Socioeconomic status generally refers to the level of economic and social resources of an individual (such as income, education and employment) and it is well established that it is associated with health outcomes (AIHW 2016). The Index of Relative Socio Economic Disadvantage (IRSD) is used here to indicate socioeconomic status of the area in which the individual lives.

In 2016–17, people living in areas classified as having the lowest socioeconomic status (Quintile 1) accounted for a higher proportion of palliative care-related hospitalisations (22.3%) in public hospitals than those living in other areas. The rate of palliative care-related public hospitalisations was also highest for those living in these areas (35.6 per 10,000 population). Conversely, the rate of public palliative care-related hospitalisations was lowest for those living in the highest socioeconomic status areas (17.7 per 10,000). These patterns are similar to those for all hospitalisations.

An opposite pattern is apparent for palliative care-related hospitalisations in private hospitals, where the rate was highest for those living in the highest socioeconomic status areas (6.7 per 10,000 population). This pattern was also seen for all private hospitalisations for this socioeconomic group (2,440.6 per 10,000 population). In addition to accessing private hospitals for palliative care, higher socioeconomic status individuals may also be accessing other types of non-admitted patient palliative care e.g. from private, freestanding hospice care facilities or community based palliative care services.

Indigenous status

Aboriginal and Torres Strait Islander people are disadvantaged relative to other Australians across a range of health-related and socioeconomic indicators (AIHW 2015a ). This may affect their use of, and access to, admitted patient palliative care.

A total of 1,557 palliative care-related hospitalisations for Indigenous Australians were reported in 2016–17, with the majority (95.4%) occurring in public hospitals. There were a similar number of hospitalisations for Indigenous males and females, whereas there were more hospitalisations for other Australian males than females. The rate of palliative care-related hospitalisations in public hospitals is about twice as high for Indigenous Australians as for other Australians (45.6 and 23.3 per 10,000 population, respectively) with the rate of all public hospitalisations 3.8 times higher for Indigenous Australians than other Australians.

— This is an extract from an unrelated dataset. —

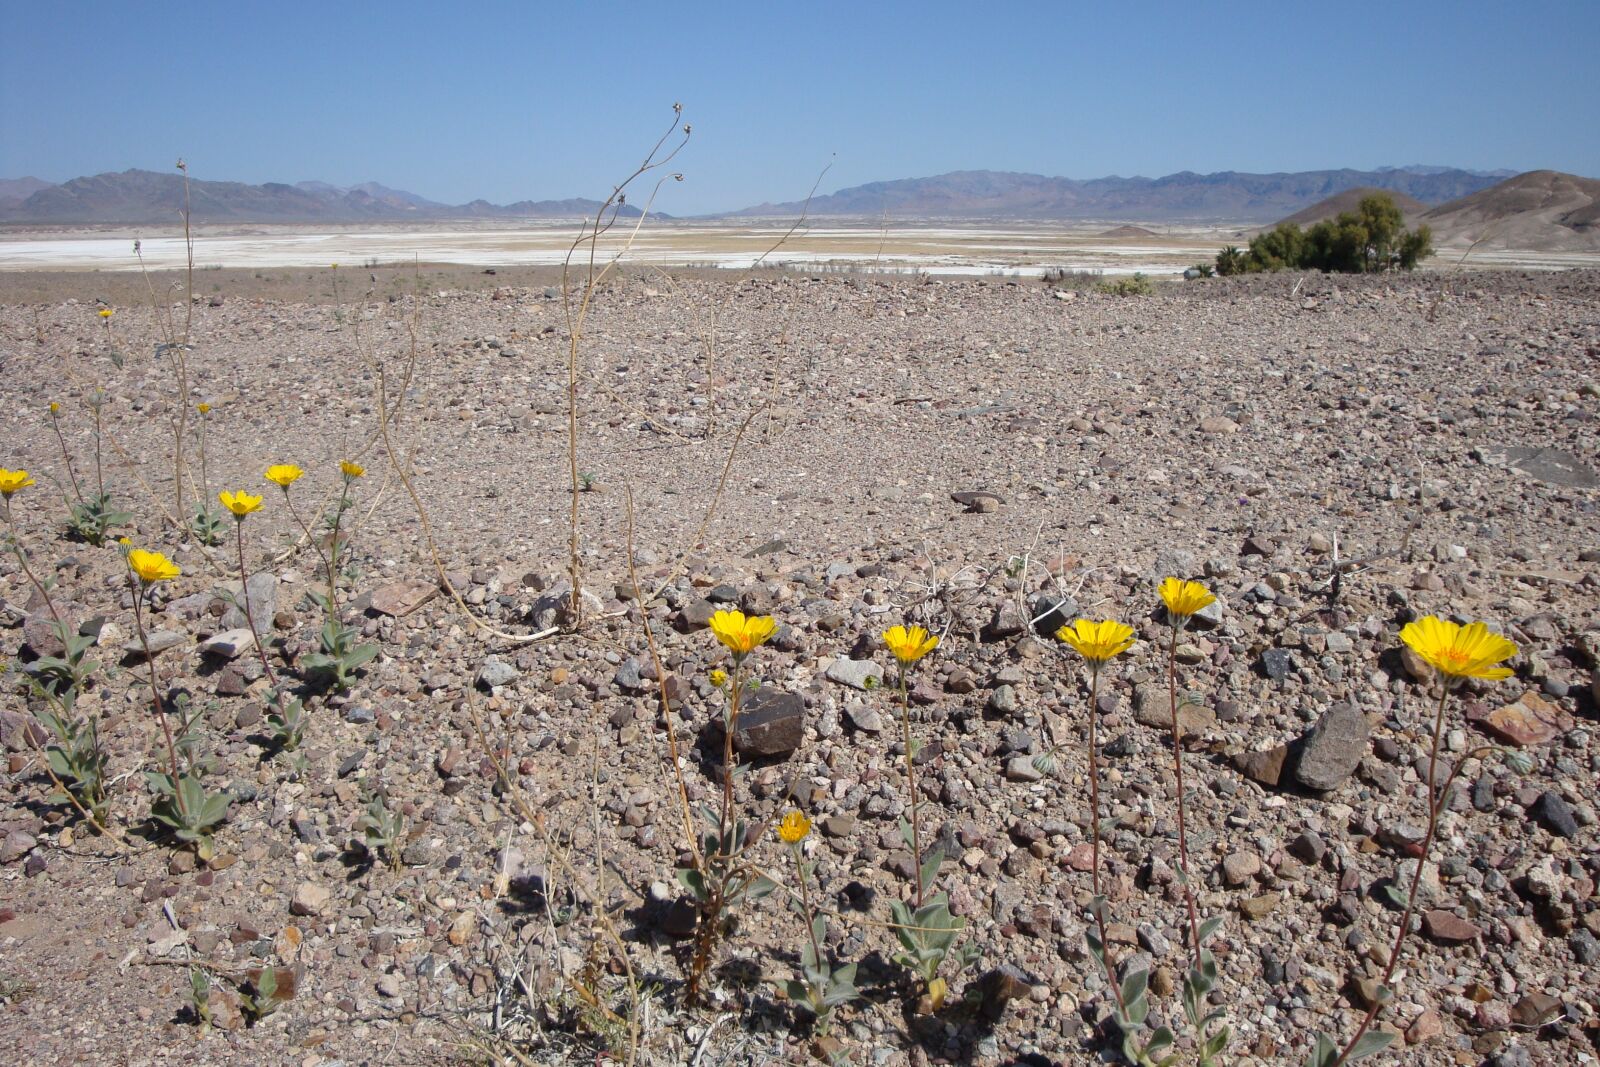 Sony Cyber-shot DSC-W150 sample photo. Desert, flowers, desert flowers photography

Remoteness of patient’s usual residence

As would be expected, most palliative care-related hospitalisations in 2016–17 across both public and private hospital sectors were for patients whose usual residence was in Major cities (68.1%), with the proportion of palliative care-related hospitalisations decreasing as remoteness increased. However, the population rate for Major cities public hospital hospitalisations of 25.5 per 10,000 population, was lower than the rate for Inner regional (30.4 per 10,000) and Outer regional areas (32.3 per 10,000).

Males accounted for a greater proportion of the palliative care-related hospitalisations than females in all remoteness categories for both public and private hospitals.